Some of the 25 classes are extremely sparse (e.g., "crease" has only 50 images), presenting a long-tail issue.
Absolute accuracy for zero-shot transfer remains low (29%/40%), far from practical deployment.
Systemic comparison with the latest industrial anomaly detection methods (e.g., AnomalyGPT, WinCLIP) is missing.

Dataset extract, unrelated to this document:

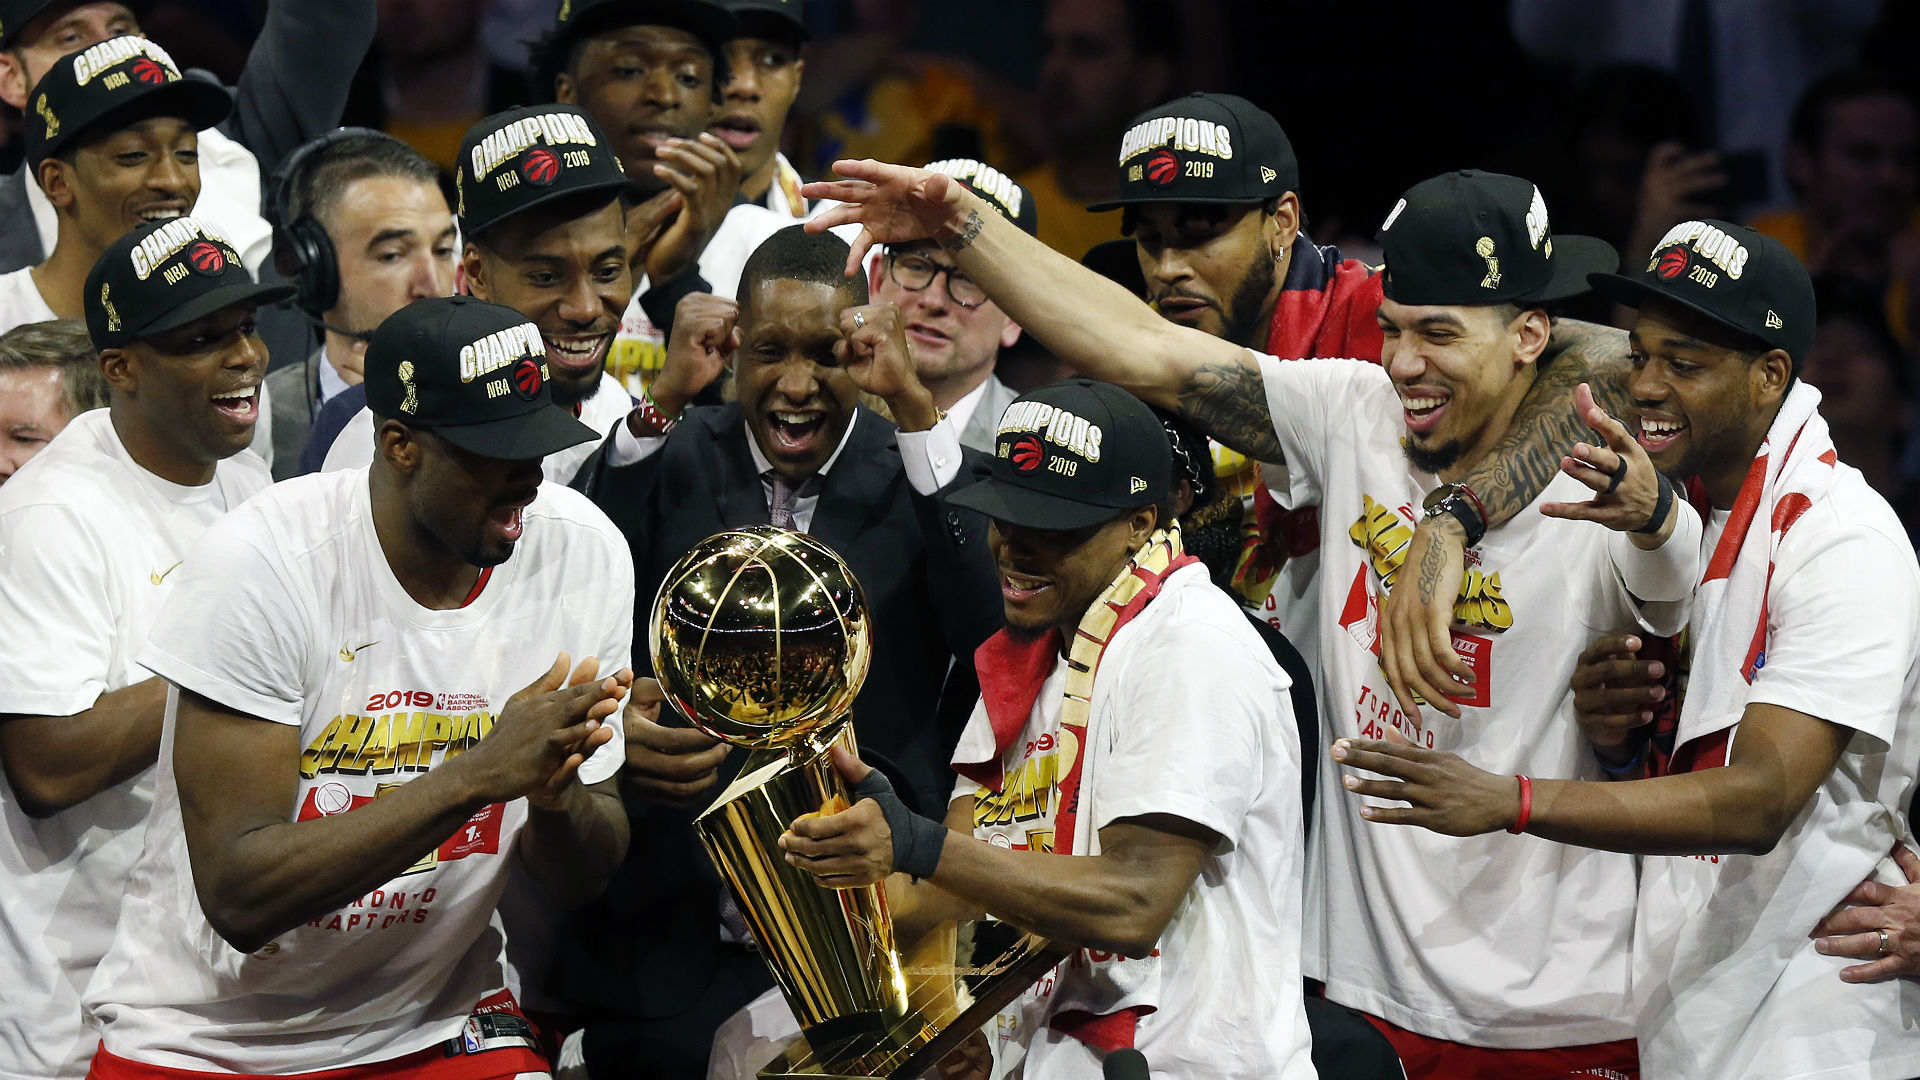 Toronto Raptors Nba Champions Wallpapers: NBA Finals: 7 Key Stats From Raptors' Championship Run

vs. Traditional Datasets (NEU/GC10, etc.): While traditional datasets only provide labels, SteelDefectX introduces semantic understanding, shifting the paradigm from "classification" to "understanding."
vs. MMAD (Multimodal Anomaly Detection): MMAD lacks professional defect attribute descriptions. SteelDefectX’s 5D framework is more structured and industrially oriented.
vs. WinCLIP/CAM-CLIP: These methods adapt CLIP to industry but are limited by text-side data quality. SteelDefectX addresses this bottleneck by providing high-quality pre-training data.
The construction pipeline serves as a general paradigm for building VL datasets in other vertical domains.

Rating¶

Novelty: ⭐⭐⭐⭐ Introducing the vision-language paradigm to industrial defect detection is a valuable innovation; the 5D framework is a methodological contribution.
Experimental Thoroughness: ⭐⭐⭐⭐ The four-task benchmark is comprehensive, though comparisons with recent industrial VLMs are missing.
Writing Quality: ⭐⭐⭐⭐⭐ Detailed and clear description of the dataset construction process with informative figures.
Value: ⭐⭐⭐⭐ High value as the first steel defect vision-language dataset; the methodology is highly generalizable.